Pendant mes 2 années de fac’ à Bordeaux, je fréquentais un groupe de potes, certains étudiants et d’autres pas. On s’est rejoints un peu par hasard grâce au copain du cousin de la voisine qui avait le même chien que l’autre, celui que personne ne fréquentait parce qu’il n’aimait pas les Stones, ce plouc !

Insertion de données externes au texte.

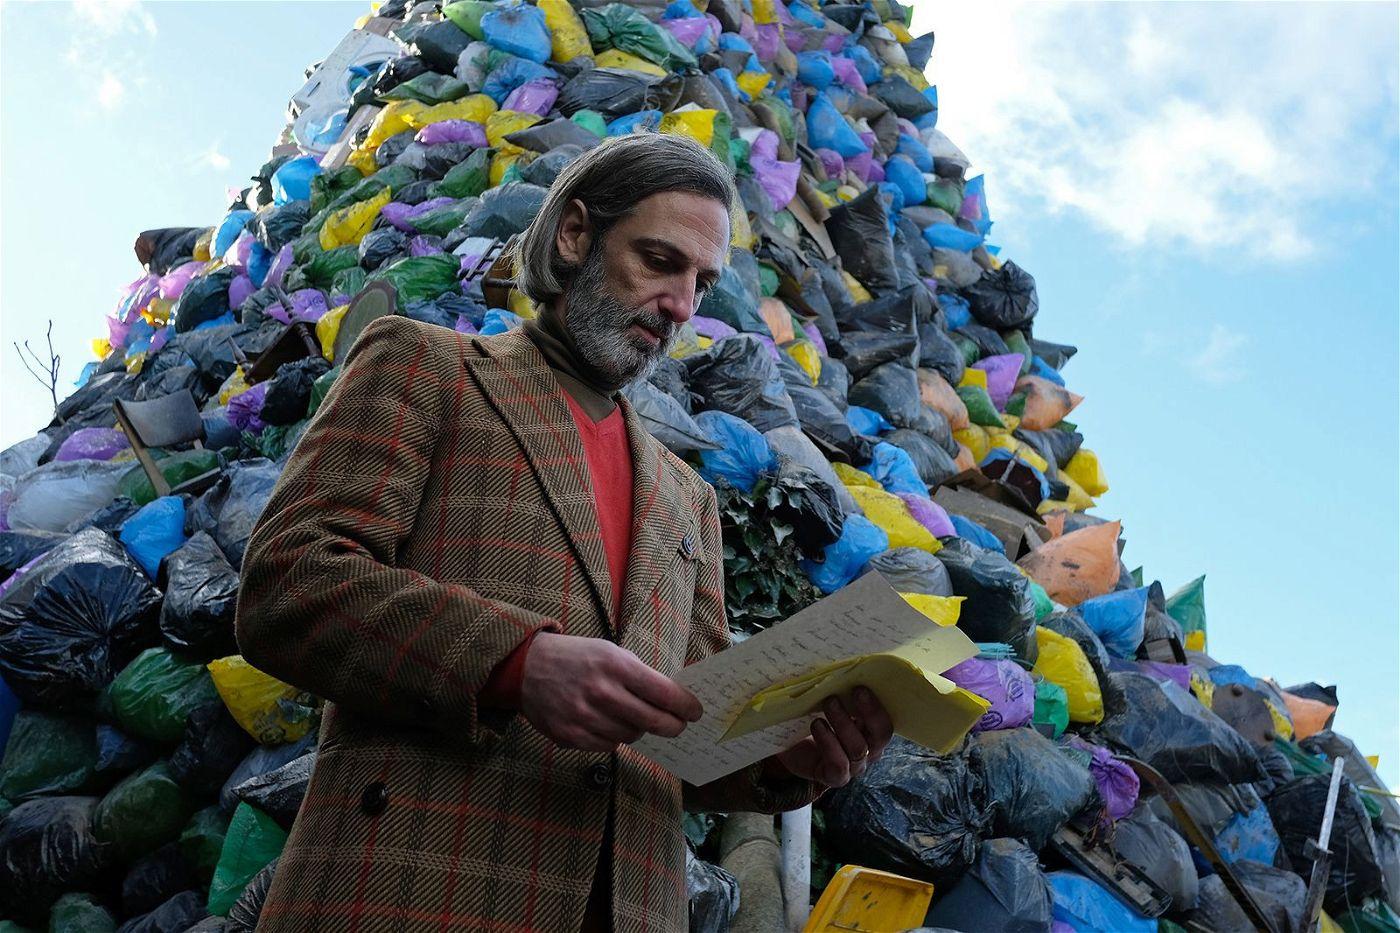 Dr. Sanagustin (Ernesto Alterio) beginnt seine Geschichte mit einem enormen Müllberg.

Bref, le hasard faisant bien les choses, on s’est découvert des goûts communs pour la musique, la fête sous toutes ses formes, le café et le tarot à 1 centime du point d’écart pendant les nuits blanches du vendredi soir. On y consommait les derniers 33 tours achetés dans la semaine en enfumant tout le quartier avec nos clopes du moment, Gitanes, Flash et autres Marlboro. Tu vois l’ambiance, les voisins nous adoraient !
Parmi tous ces fondus, il y avait un couple avec un bébé qui se marrait déjà des conneries de sa mère. Cette nana super gentille dont le prénom m’a échappé, avait le don de sortir des trucs ahurissant qui nous ont fait marrer pendant des mois. Exemple, elle nous parle de ce super groupe qui fait une super chanson avec de la guitare et tout, et tout, comment il s’appelle déjà ? Euuuuuh….. Ah si, Pink Ployo.
Pink Ployo ?!?!?! Quésaco ? Et on cherche tous dans nos mémoires respectives qui sont ces mecs. Elle finit par nous sortir le dernier « Best » ou « Rock’n’folk », je ne sais plus, avec un article écrit avec une police très psychédélique pas facile à lire, d’où son erreur, qui parlait d’un groupe, non moins psychédélique lui aussi, ayant écrit une chanson universellement connue sur l’argent. Et là , on a pleuré toute la soirée ! Elle nous vantait « Money » de Pink Floyd ! Chaque fois que j’écoute le Floyd, j’ai une pensée émue pour elle et son « Ployo », ça m’a marqué à vie.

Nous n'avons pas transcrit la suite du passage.